Aussi le moment est-il opportun pour évoquer, au hasard de la plume, quelques souvenirs de choses vues et retenues au cours d’un bon demi-siècle.

Il semble bien qu’on ait déjà tout dit sur les grandes opérettes d’Offenbach. Et pourtant !… Mais de combien d’autres compositeurs y aurait-il lieu de parler, en particulier de ceux dont les premières pièces à succès se jouèrent dans une cave !

Dans une cave, oui, c’est-à-dire à l’Athénée — l’ancien, celui de la rue Scribe, aujourd’hui disparu, remplacé par un hôtel et dont peu de Parisiens, sans doute, ont conservé le souvenir.

Un théâtre bizarre que cet Athénée ! C’était, à l’origine, une salle destinée aux concerts, que le banquier Bischoffsheim — le père de Raphaël Bischoffsheim, « l’ami des étoiles » — avait fait construire dans la cour d’un de ses immeubles. Pour ne pas modifier la maison elle-même, on avait creusé la cour, et la salle était complètement en sous-sol.

Le contrôle franchi, on se trouvait de plain-pied aux deuxièmes loges. Un étage plus bas, on arrivait aux fauteuils de balcon. Un étage encore, et c’était l’orchestre. Les coulisses à l’avenant ; quand on voulait gagner les loges des artistes par la rue des Mathurins, on avait la sensation de descendre dans quelque catacombe.

Ce qui n’empêchait pas ladite salle d’être jolie, coquette et même assez confortable.

L’Athénée-concert ne dura que peu. L’opérette le guettait et, au bout de quelques mois, l’Athénée-Théàtre, sous la direction Sari et Busnach, faisait son ouverture, le 13 décembre 1867, avec un Malborough s’en va-t-en guerre, offrant cette particularité d’avoir été écrit par quatre compositeurs différents, un par acte, qui se présentaient dans l’ordre suivant : Georges Bizet, Emile Jonas, Isidore Legouix et Léo Delibes. Or, les études musicales de cet opéra-bouffe étaient dirigées par un jeune artiste de talent qui avait déjà donné aux Folies-Marigny, où régnait l’acteur Montrouge, quelques petits actes bien accueillis : il s’appelait Charles Lecocq.
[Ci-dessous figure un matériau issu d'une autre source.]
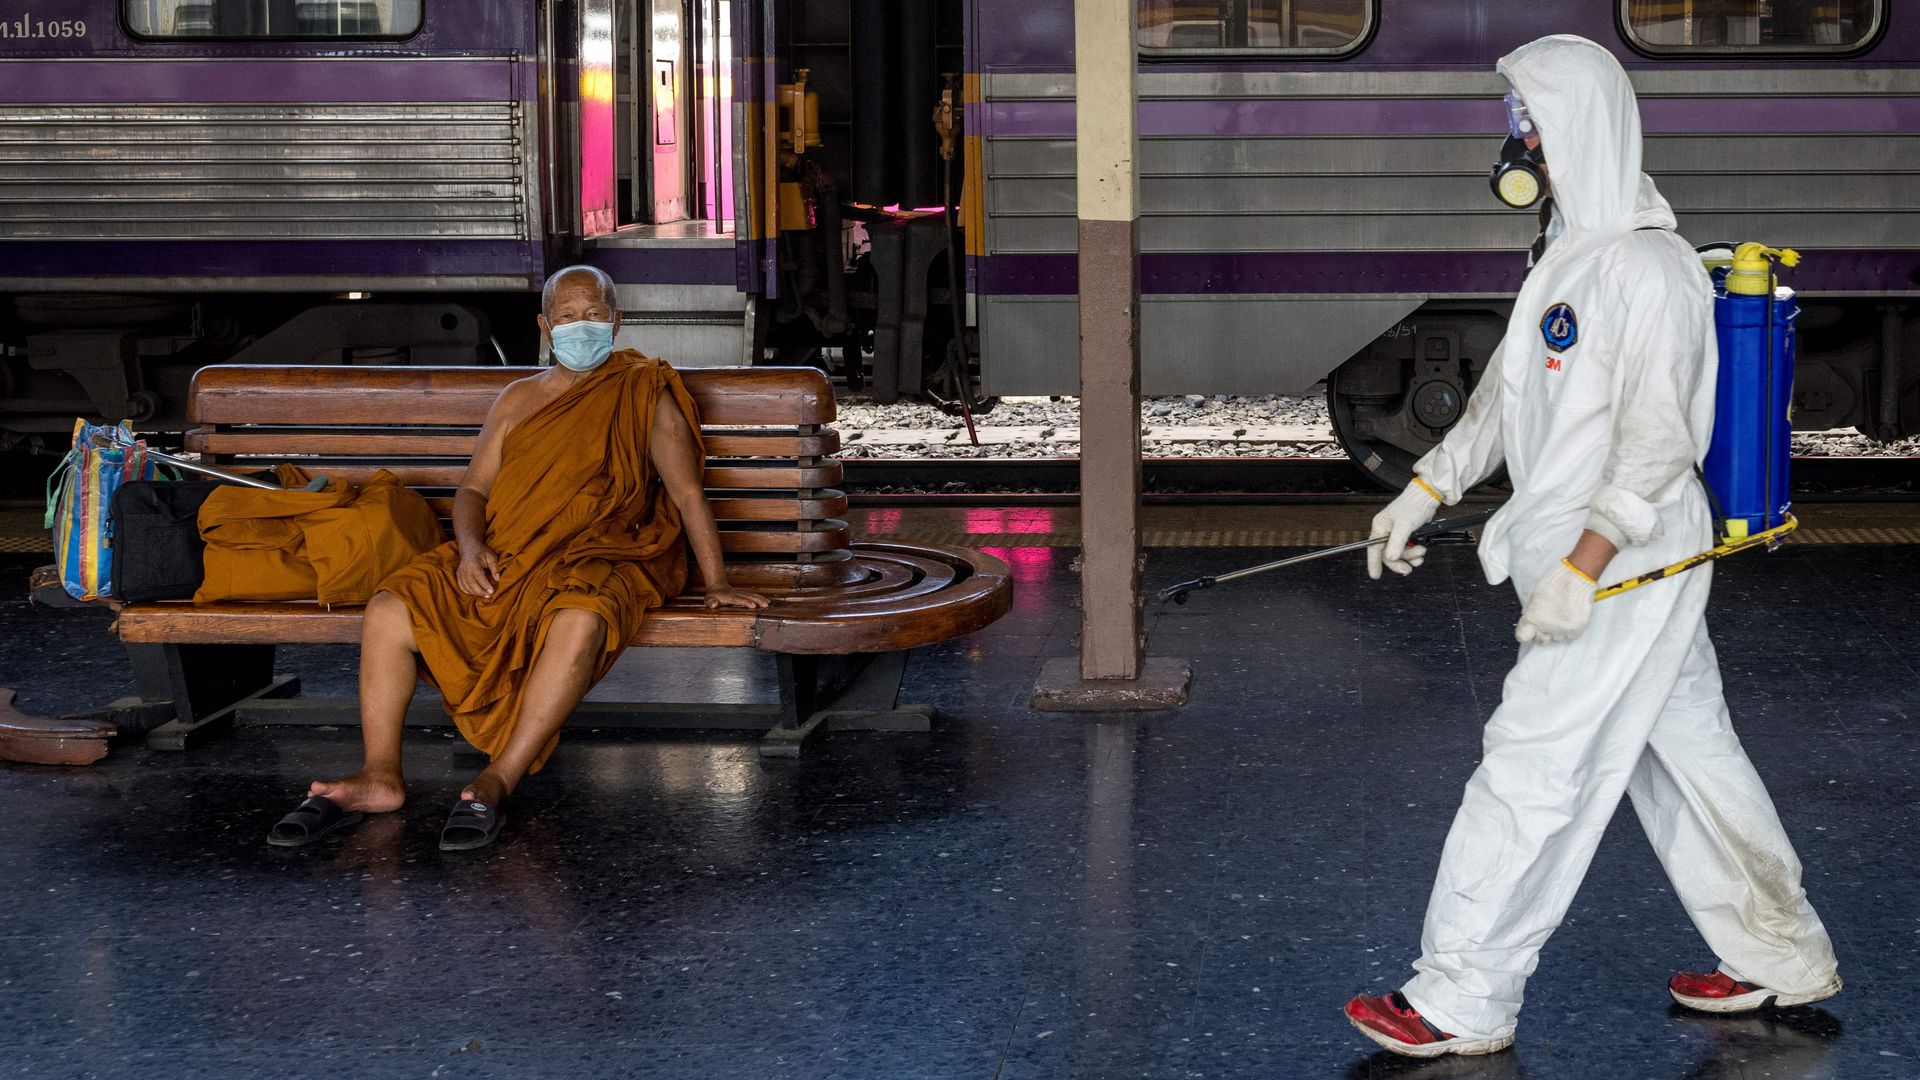 A cleaner wearing personal protective equipment (PPE) walks past a monk wearing a face mask at Hua Lamphong railway station in Bangkok on May 1

Dans ce modeste accompagnateur, passant avec résignation tous ses après-midi au piano pour seriner leurs rôles à des acteurs plus ou moins bien doués, qui donc aurait jamais deviné le futur rival heureux du grand maître d’alors, de Jacques Offenbach ? Et, cependant, les temps étaient proches !

Tout en faisant répéter la musique de ses confrères, Lecocq écrivait pour son compte celle d’un ouvrage en deux actes, l’Amour et son carquois, qui devait figurer dans le spectacle suivant et qui passa, du reste, assez tôt, Malhorough ayant laissé le public indifférent à ses aventures conjugales.

En même temps, William Busnach lui confiait un livret que Chivot et Duru venaient d’apporter au théâtre et qui était destiné à faire connaître enfin aux deux directeurs associés la joie des belles recettes trop longtemps attendues. C’était Fleur de Thé, dont les représentations devaient durer jusqu’à la fermeture d’été, pour reprendre à la réouverture.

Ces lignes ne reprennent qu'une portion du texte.